After having questioned the servant as to Mr. Vicome’s health, Mrs. Bentham passed along the dreary stone passage to the dining-room, where he generally sat in the afternoon. On a small table next to his wheeled chair lay his wig, sunk into a packet of black clothes; the white face and head lolled feebly; a napkin covered his lap, and he was trying to eat something out of a cup.
On seeing his daughter, he put on his wig, and called to the servant to take away what he was eating.
Mrs. Bentham sat down by him, and they talked in short phrases of Claremont House. She told him all she could think of, how the old people whom he had himself known were getting on; how so-and-so’s g
rand-daughter had gone away to service and hadn’t written home; how so-and-so’s son intended to get married next spring.
He listened delighted to all she had to say, and asked innumerable questions. Suddenly he recollected that the ballroom was not yet finished.

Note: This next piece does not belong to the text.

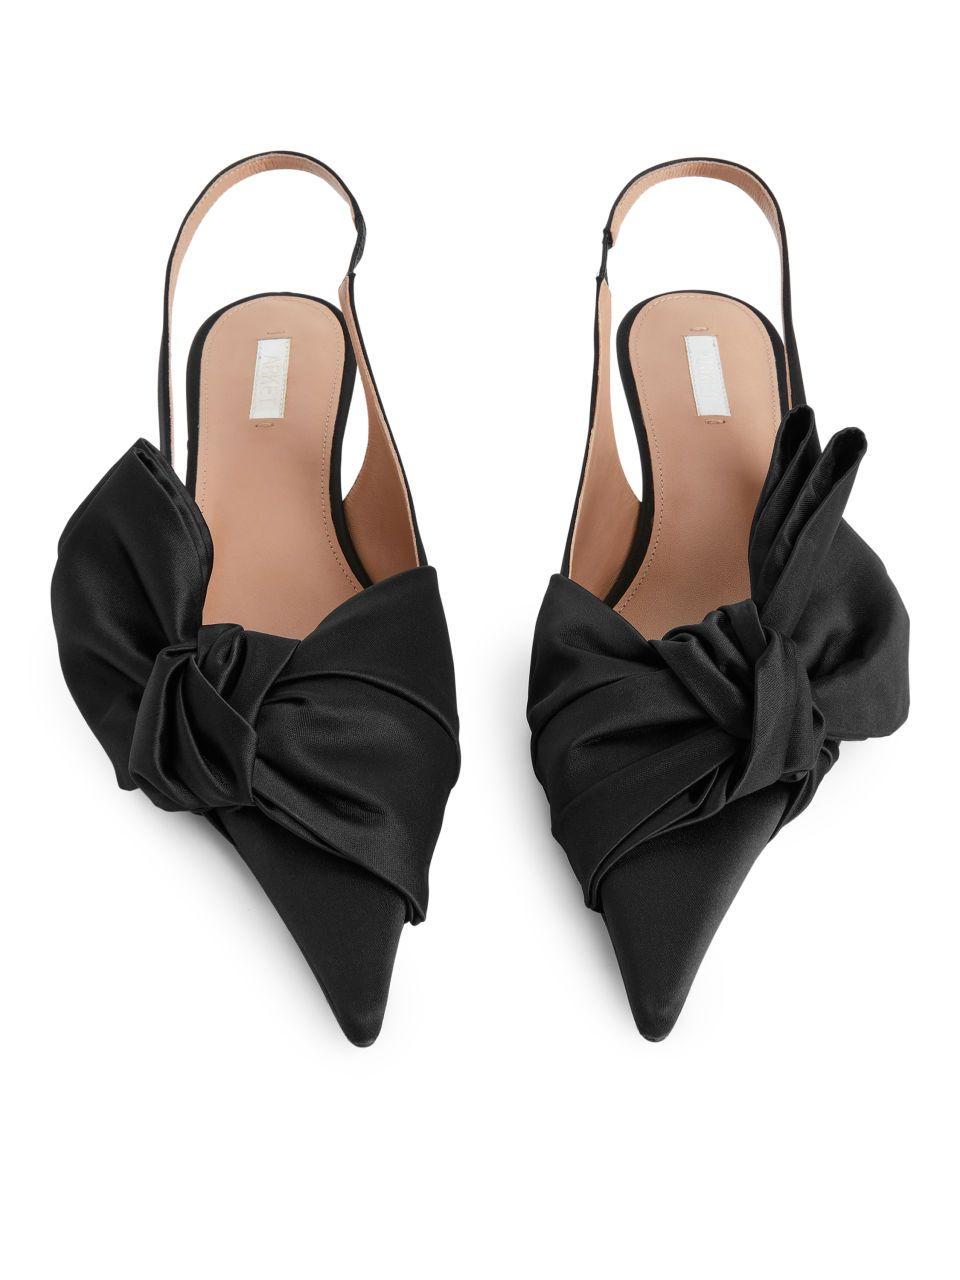 Slingback Kitten Heel Pumps Black Shoes Arket Ww In 2020

“I wonder, my dear Lucy,” he said, pettishly, “you don’t find some artist to do those decorations; you know I want to have that room finished.”

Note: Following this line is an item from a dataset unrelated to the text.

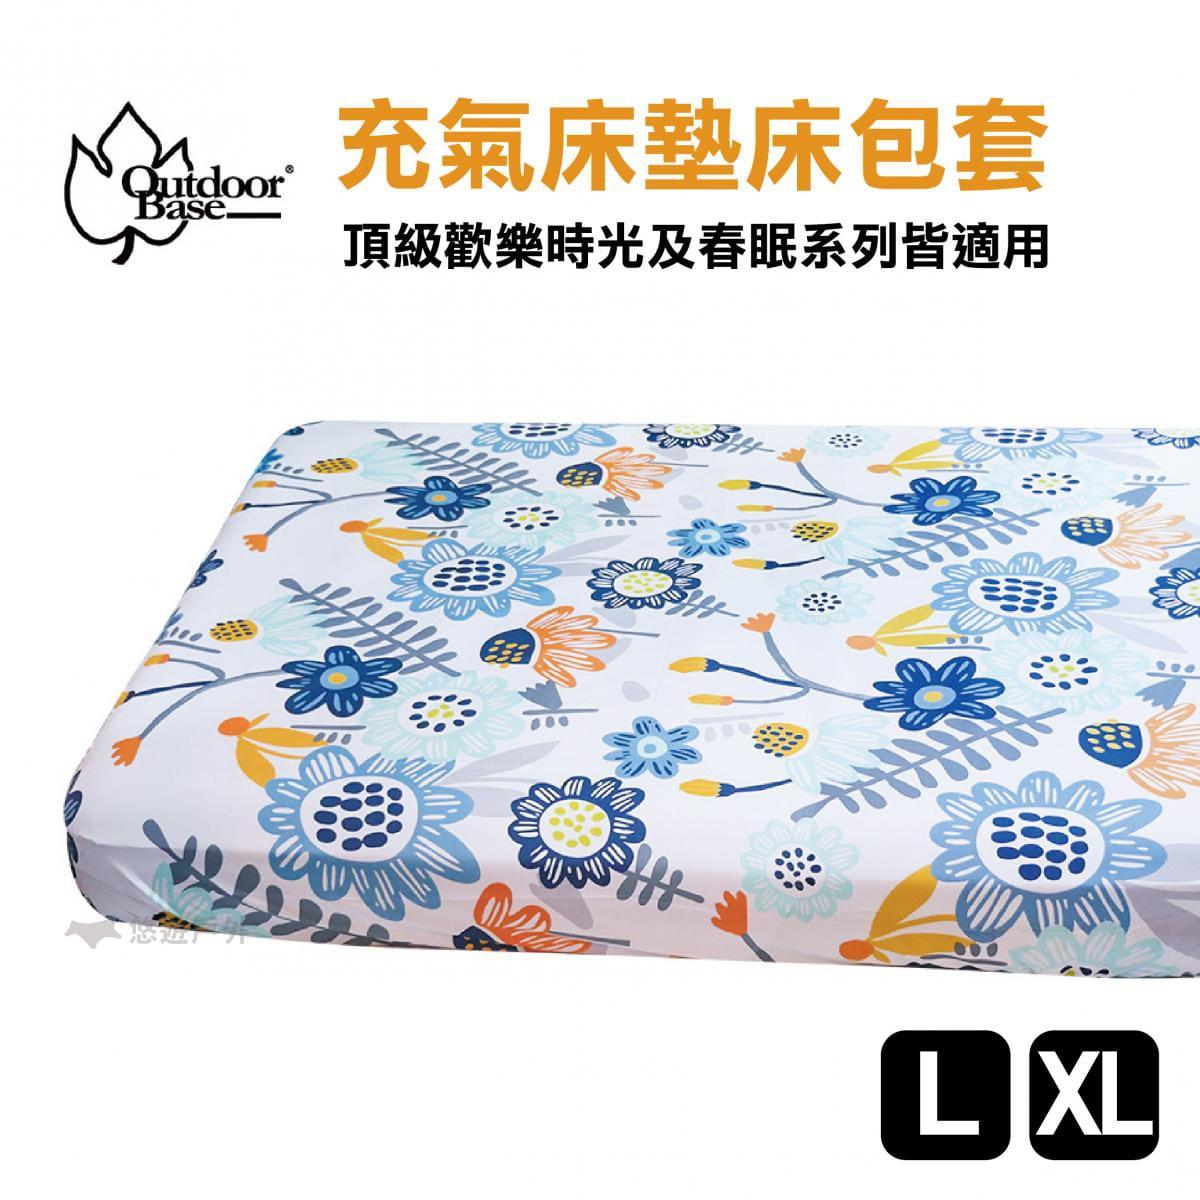 【新品上市】充氣床墊床包套 舒柔布 200x290x30cm (XL/L)

It seemed to Mrs. Bentham like a coincidence that he should speak to her on the subject, and forgetting that he rarely failed to do so, in a constrained way that surprised her, she explained that it was difficult to find an artist to whom the work might be entrusted. The room was quite beautiful since the walls had been painted in light blue and straw colour.
“I told you,” said the old man, joyfully, “that that was the right colour, and you would not believe me. I hope it is a light blue turning to mauve.”
Having been assured on that point, he continued:
“I tell you I want the room finished. If you have carried out my idea, it will be the prettiest room in Sussex. I shall make an effort and try and get down there when the decorations are done; but you must see about an artist to do the pictures; why, there are dozens of clever young men starving about London who would do it splendidly. Can’t that man Mr. Carver, whom you are always talking about, find you one?”
“’Tis curious,” answered Mrs. Bentham, reflectively, “you should speak of it, for not half-an-hour ago Mr. Carver introduced me to a young man who he said would do the work splendidly.”
“Then why don’t you have him down to do it?” asked the old man. “I may go off any day, and I want to see that room finished before I die; it is really very selfish of you.”